Population ageing is a shift in the distribution of a country's population towards older ages and is usually reflected in an increase in the population's mean and median ages, a decline in the proportion of the population composed of children, and a rise in the proportion of the population composed of the elderly. Population ageing is widespread across the world and is most advanced in the most highly developed countries, but it is growing faster in less developed regions, which means that older persons will be increasingly concentrated in the less developed regions of the world. The Oxford Institute of Population Ageing, however, concluded that population ageing has slowed considerably in Europe and will have the greatest future impact in Asia, especially since Asia is in stage five (very low birth rate and low death rate) of the demographic transition model.

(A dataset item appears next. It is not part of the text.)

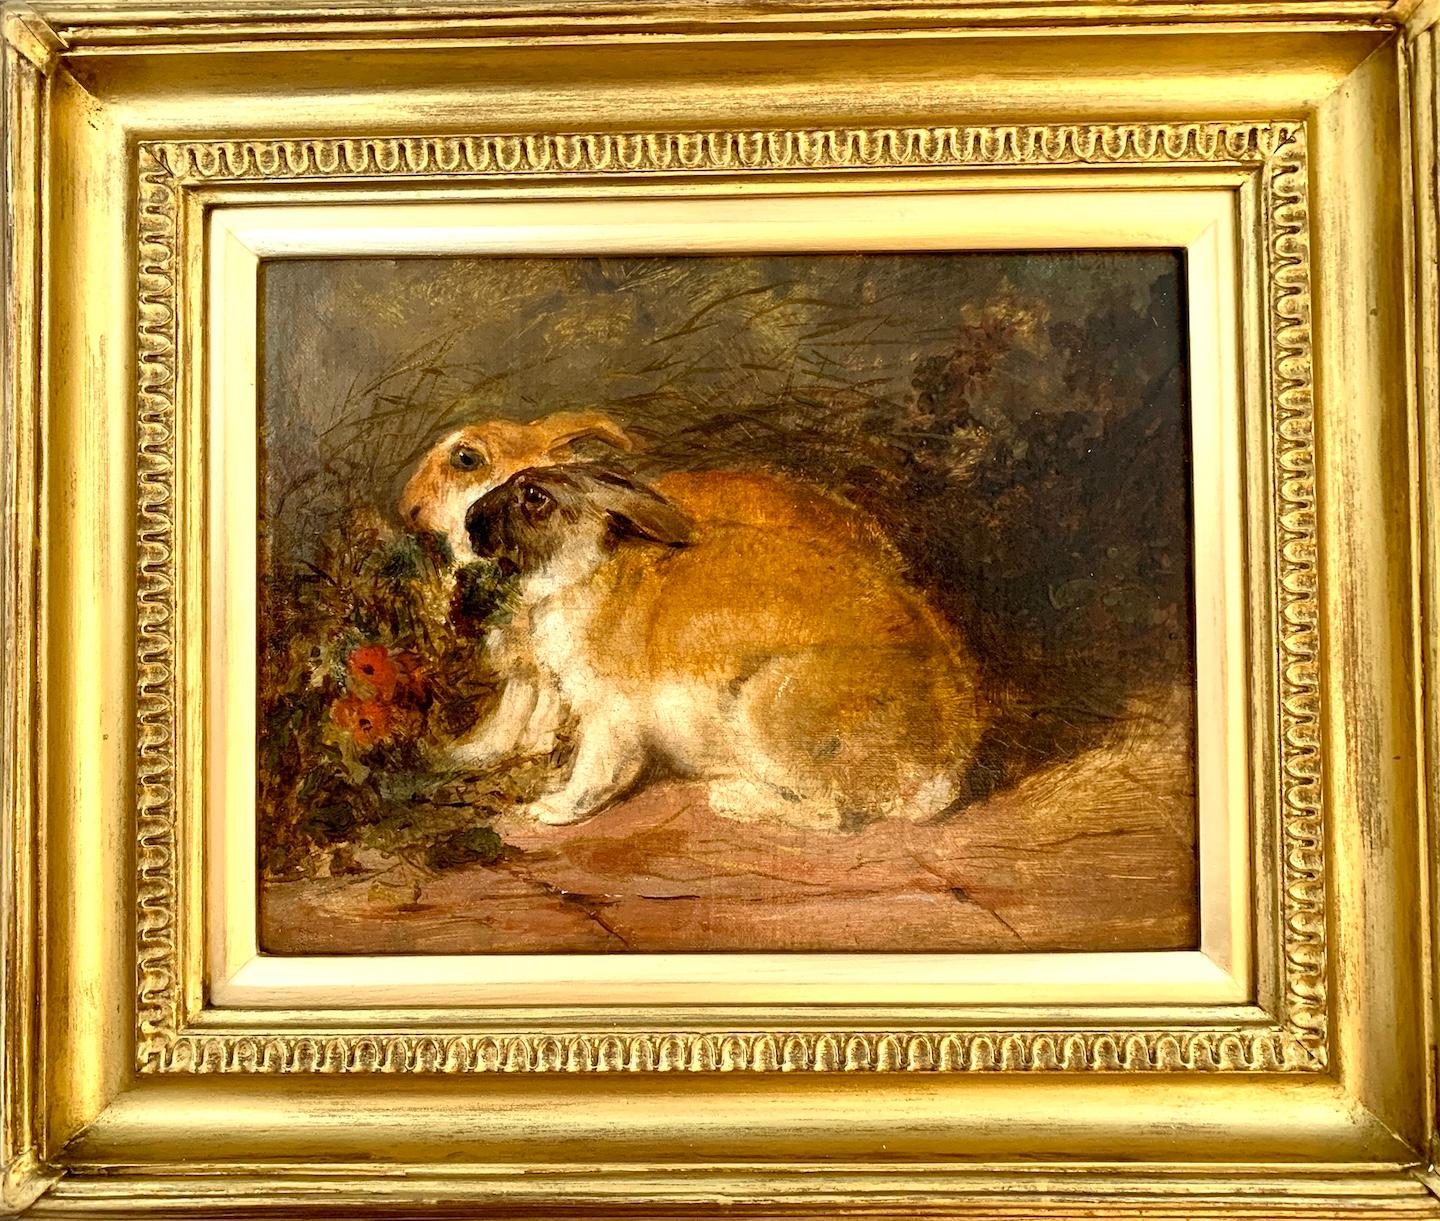 Thomas William Earl Animal Painting - 19th century English Antique oil  portrait of two Rabbits in an interior

Among the countries currently classified by the United Nations as more developed (with a total population of 1.2 billion in 2005), the overall median age rose from 28 in 1950 to 40 in 2010 and is forecast to rise to 44 by 2050. The corresponding figures for the world as a whole are 24 in 1950, 29 in 2010, and 36 in 2050. For the less developed regions, the median age will go from 26 in 2010 to 35 in 2050.

Population ageing arises from two, possibly related, demographic effects: increasing longevity and declining fertility. An increase in longevity raises the average age of the population by increasing the numbers of surviving older people. A decline in fertility reduces the number of babies, and as the effect continues, the numbers of younger people in general also reduce. Of the two forces, declining fertility now contributes to most of the population ageing in the world. More specifically, the large decline in the overall fertility rate over the last half-century is primarily responsible for the population ageing in the world's most developed countries. Because many developing countries are going through faster fertility transitions, they will experience even faster population ageing than the currently-developed countries will.

The rate at which the population ages is likely to increase over the next three decades; however, few countries know whether their older population are living the extra years of life in good or poor health. A "compression of morbidity" would imply reduced disability in old age, but an expansion would see an increase in poor health with increased longevity. Another option has been posed for a situation of "dynamic equilibrium." That is crucial information for governments if the limits of lifespan continue to increase indefinitely, as some researchers believe. The World Health Organization's suite of household health studies is working to provide the needed health and well-being evidence, such as the World Health Survey, and the Study on Global Ageing and Adult Health (SAGE). The surveys cover 308,000 respondents aged at least 18 and 81,000 aged at least 50 from 70 countries.

The Global Ageing Survey, directed by George Leeson, explores attitudes, expectations, and behaviours towards later life and retirement. It covers 44,000 people aged 40–80 in 24 countries around the world. It has revealed that many people are now fully aware of the ageing of the world's population and its implications for their lives and those of their children and grandchildren.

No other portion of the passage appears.